● Activity
This exercise calls for the data below to be retyped exactly, minus any images.

● Data
++++
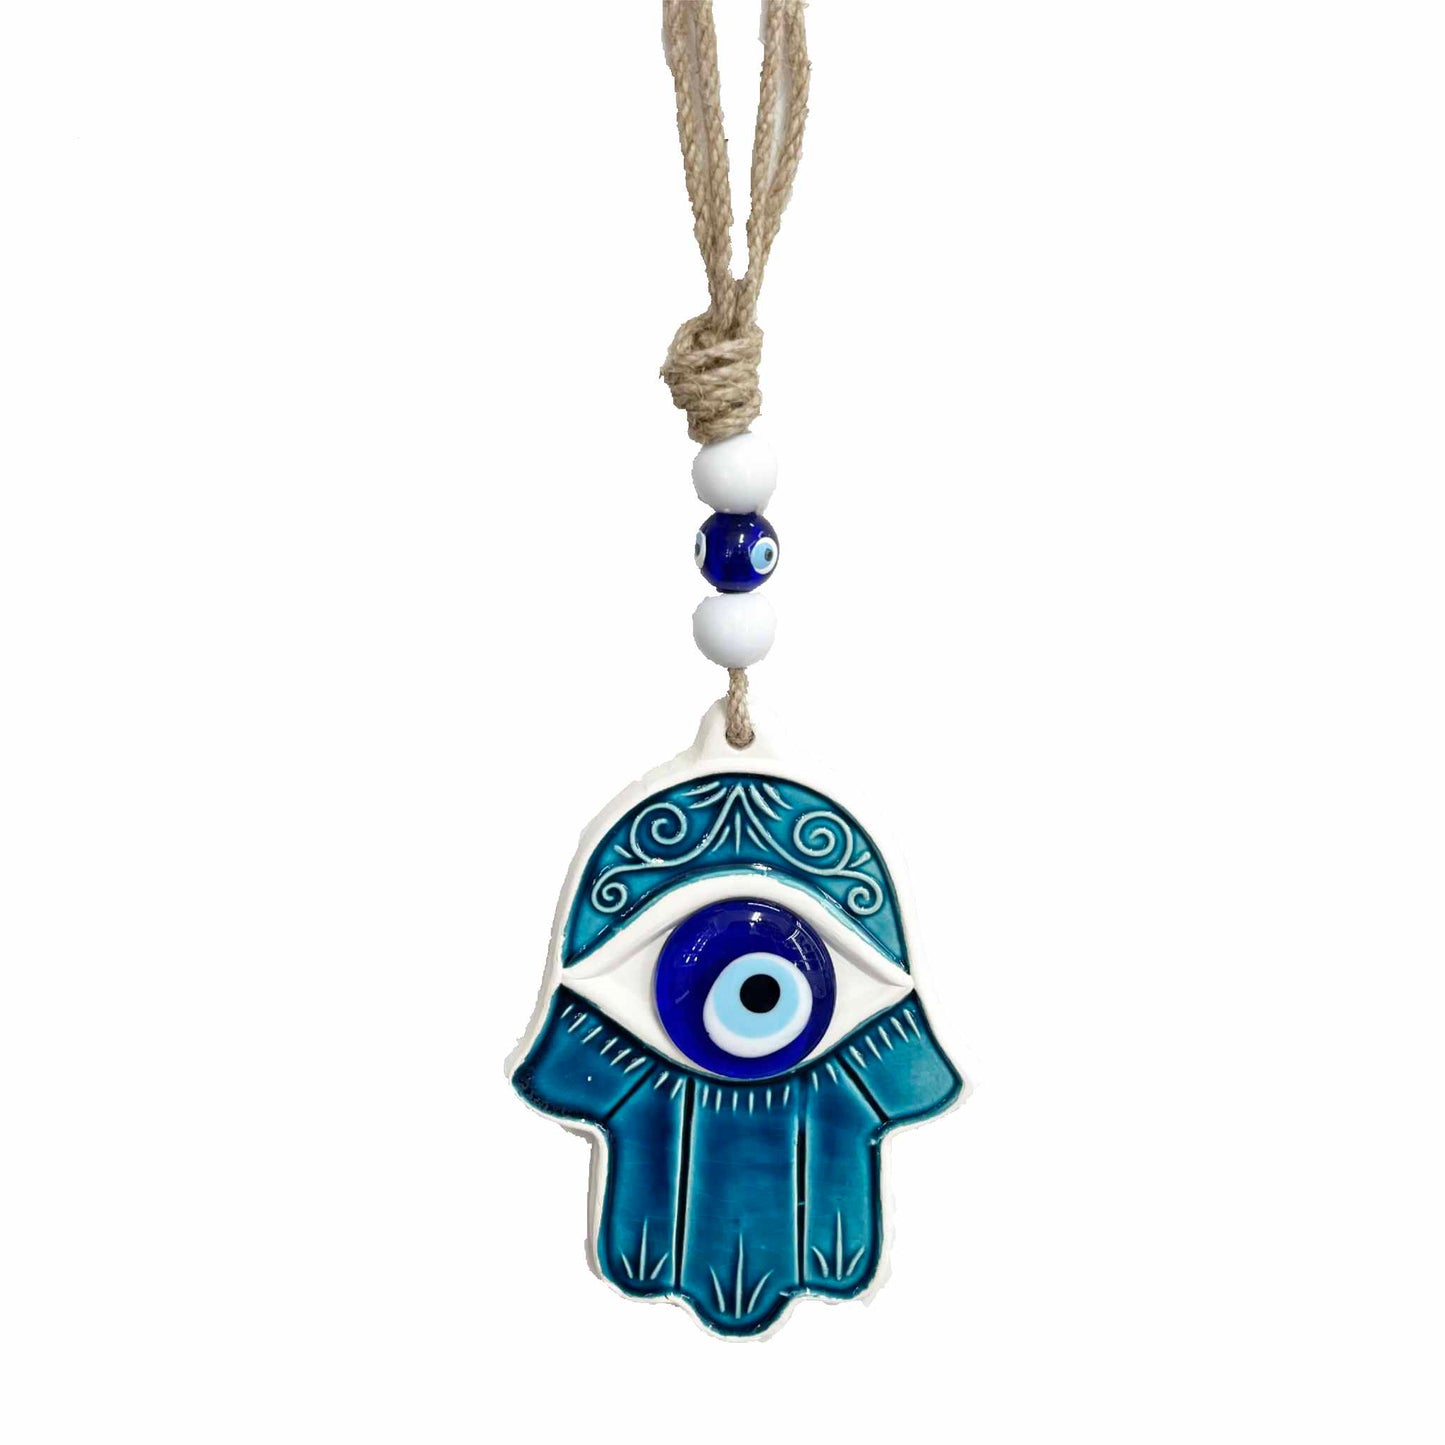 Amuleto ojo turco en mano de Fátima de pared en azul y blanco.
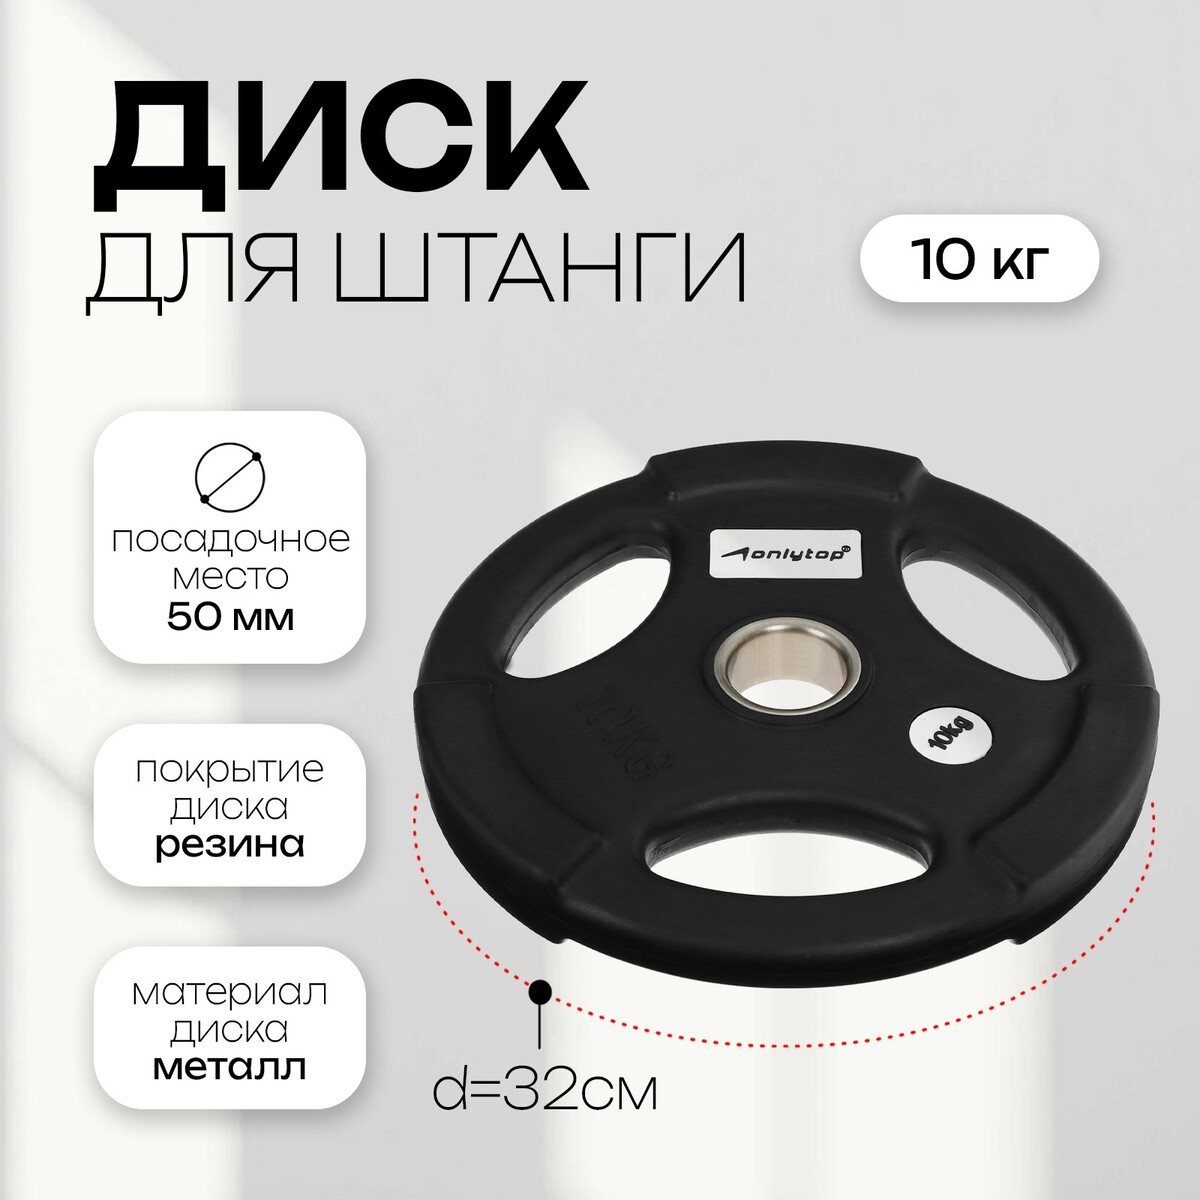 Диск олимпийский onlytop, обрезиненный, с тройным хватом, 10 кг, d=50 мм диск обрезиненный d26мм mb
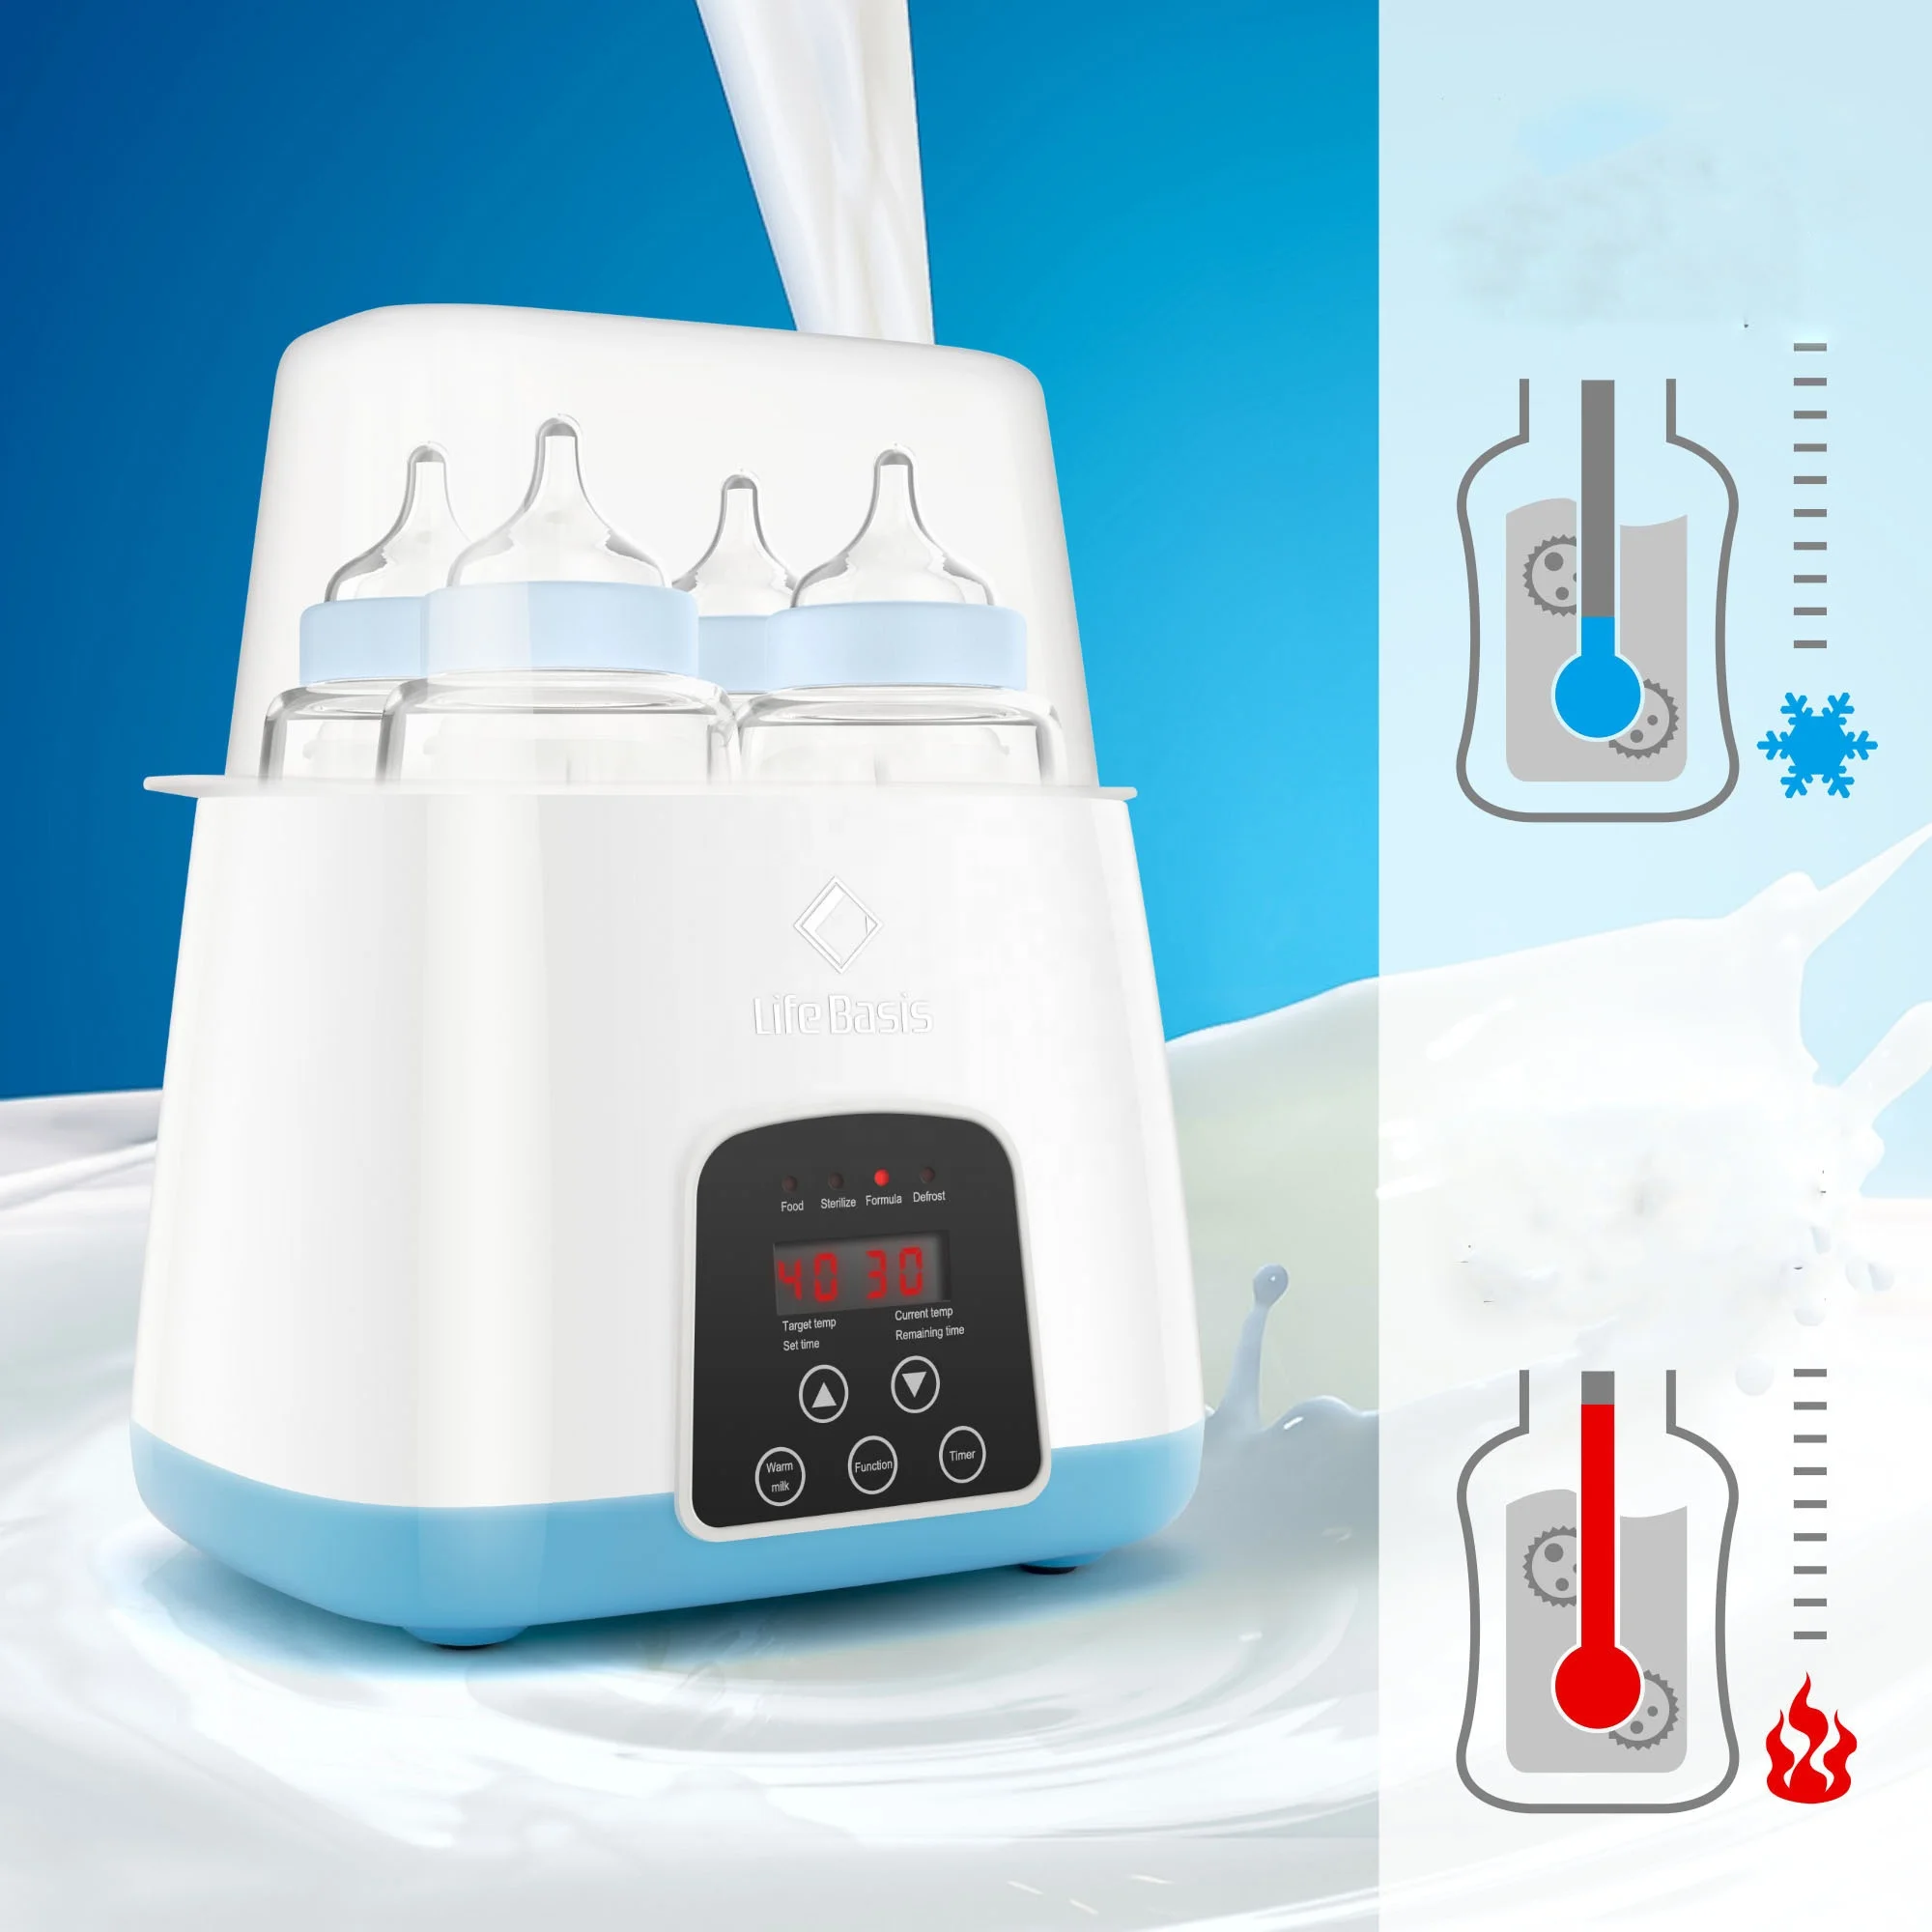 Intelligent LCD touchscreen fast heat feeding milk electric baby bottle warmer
++++
● Answer area
 Amuleto ojo turco en mano de Fátima de pared en azul y blanco.
 Диск олимпийский onlytop, обрезиненный, с тройным хватом, 10 кг, d=50 мм диск обрезиненный d26мм mb
 Intelligent LCD touchscreen fast heat feeding milk electric baby bottle warmer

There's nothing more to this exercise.